バイドゥ創業者が振り返る2019年の4つのキーワード②

(前回)バイドゥ創業者が振り返る2019年の4つのキーワード①

 先日行われた2019崇礼フォーラムで、大手検索サイト「バイドゥ(百度)」創業者・CEOの李彦宏(ロビン・リー)氏が「スマート経済時代:中国イノベーションが世界を変える」というテーマで講演を行った。
中国テックメディア「砍柴网」は、このフォーラムを振り返り、彼の産業観察から4つのキーワードを抽出して紹介している。これらは2020年以降の中国経済を理解するための基本知識になると思われるため、本サイトでも1語ずつ紹介していきたい。

②「検索」

 「検索」はバイドゥの原点であり、生命線と見なされている。李彦宏氏も「検索はバイドゥの基本であり、核心的な価値である」と明言している。
彼は5月に開催された第二回デジタル中国建設サミットで、検索と人工知能(AI)との関係について言及した。「検索エンジンとは実は自然に生まれたものでAIの遺伝子を持った製品だ。ある面では検索技術とディープラーニング技術の結合が非常に緊密で、また別の面では我々は毎日大量のユーザーの行動、言語サンプルを蓄積して、AI学習に必要な膨大なデータを支えている」。
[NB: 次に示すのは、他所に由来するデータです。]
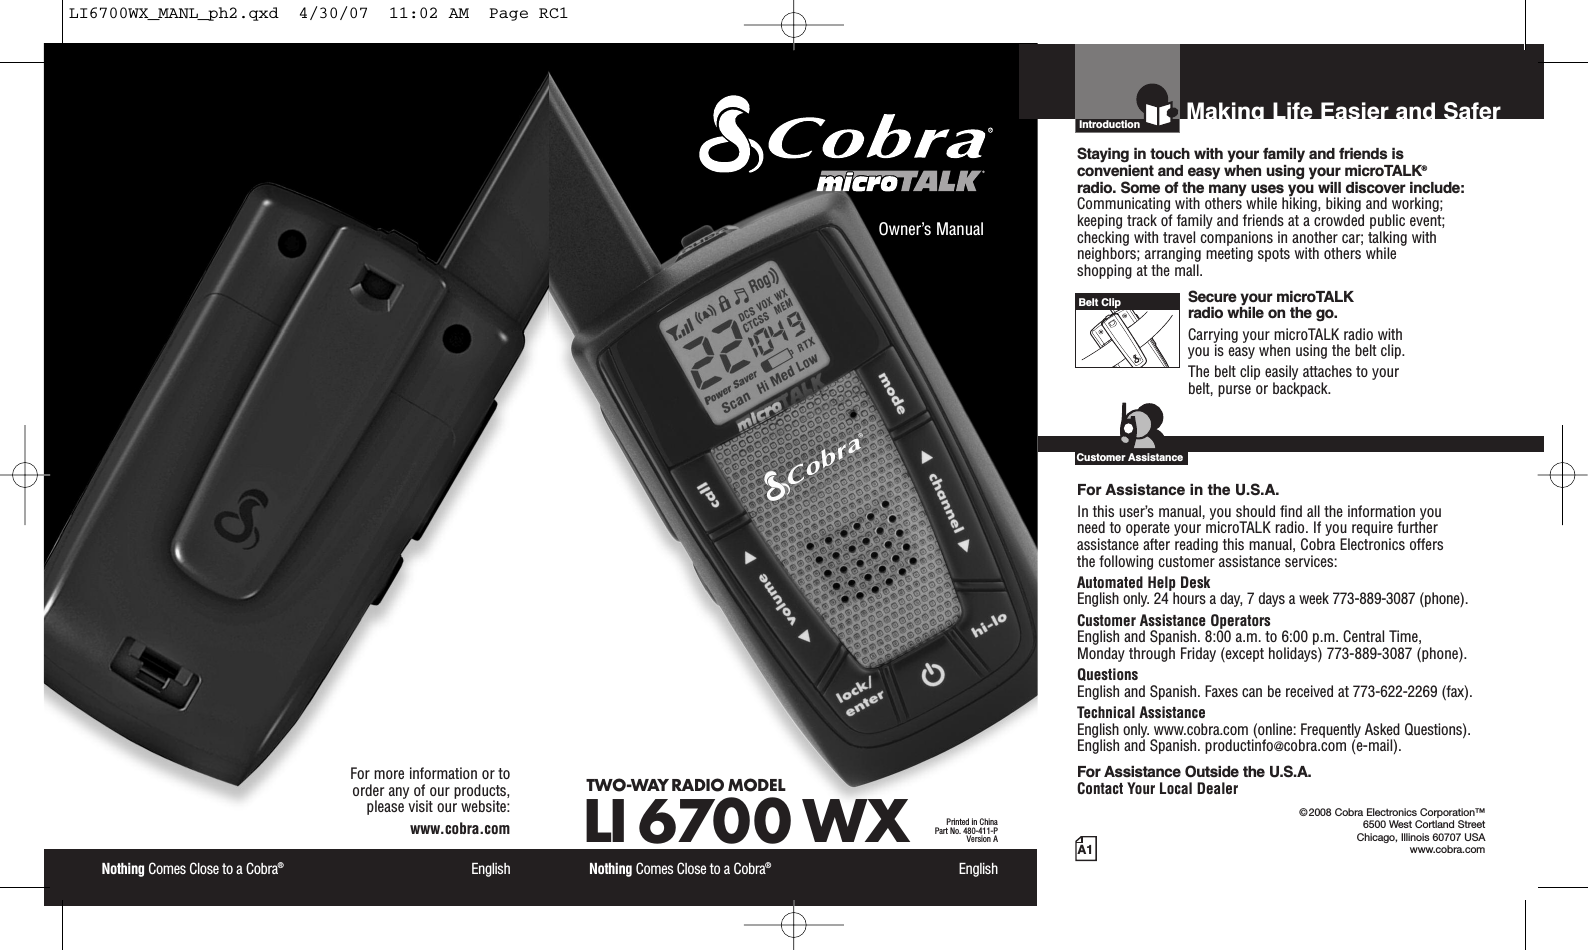 Nothing Comes Close to a Cobra®EnglishFor more information or to order any of our products, please visit our website:www.cobra.comA1Making Life Easier and SaferOwner’s ManualNothing Comes Close to a Cobra®EnglishTWO-WAY RADIO MODEL LI 6700 WXPrinted in ChinaPart No. 480-411-PVersion AIntro Operation CustomerAssistanceWarrantyNoticeMain IconsSecondary IconsIntroductionStaying in touch with your family and friends is convenient and easy when using your microTALK®radio. Some of the many uses you will discover include:Communicating with others while hiking, biking and working;keeping track of family and friends at a crowded public event;checking with travel companions in another car; talking withneighbors; arranging meeting spots with others while shopping at the mall.Secure your microTALK radio while on the go.Carrying your microTALK radio with you is easy when using the belt clip. The belt clip easily attaches to your belt, purse or backpack.For Assistance in the U.S.A. In this user’s manual, you should find all the information you need to operate your microTALK radio. If you requirefurtherassistance after reading this manual, Cobra Electronics offers the following customer assistance services:Automated Help Desk English only. 24 hours a day,7days a week 773-889-3087 (phone). Customer Assistance OperatorsEnglish and Spanish. 8:00 a.m. to 6:00 p.m. Central Time, Monday through Friday (except holidays) 773-889-3087 (phone). QuestionsEnglish and Spanish. Faxes can be received at 773-622-2269 (fax). Technical AssistanceEnglish only. www.cobra.com (online: Frequently Asked Questions). English and Spanish. productinfo@cobra.com (e-mail).For Assistance Outside the U.S.A. Contact Your Local DealerIntro Operation CustomerAssistanceWarrantyNoticeMain IconsSecondary Icons©2008 Cobra Electronics Corporation™6500 West Cortland StreetChicago, Illinois 60707 USAwww.cobra.comCustomer AssistanceBelt ClipLI6700WX_MANL_ph2.qxd  4/30/07  11:02 AM  Page RC1

遺伝子上では検索とはもともとAIだとも言え、業務上ではバイドゥ検索とバイドゥAIは相互に高め合っているとも言える。

 スマート時代の検索の重要な変化の一つは、入口の多様化、シーン化だ。李彦宏氏によると、スマートスピーカーをはじめとするスマートホーム製品は、AI時代における検索の新しい入口とも言える。それは人々により自然な方法で機械と対話させるものであり、家庭内の情報提供サービスの入口でもあるからだ。この入口を通して、バイドゥはずっと築き上げてきたコンテンツ生産プラットフォームをより広い場所にすることができた。例えば、直接「バイドゥ百科」のデータを呼び出すと、スマートスピーカーから我々の日常生活で遭遇する問題のほとんどに答えてもらうことができる。

【百度百科(バイドゥ・バイクー)】
検索サイト「バイドゥ」内のあらゆる知識を集めた百科事典データベース。ウィキペディアに似ており、ユーザーが編集もできる。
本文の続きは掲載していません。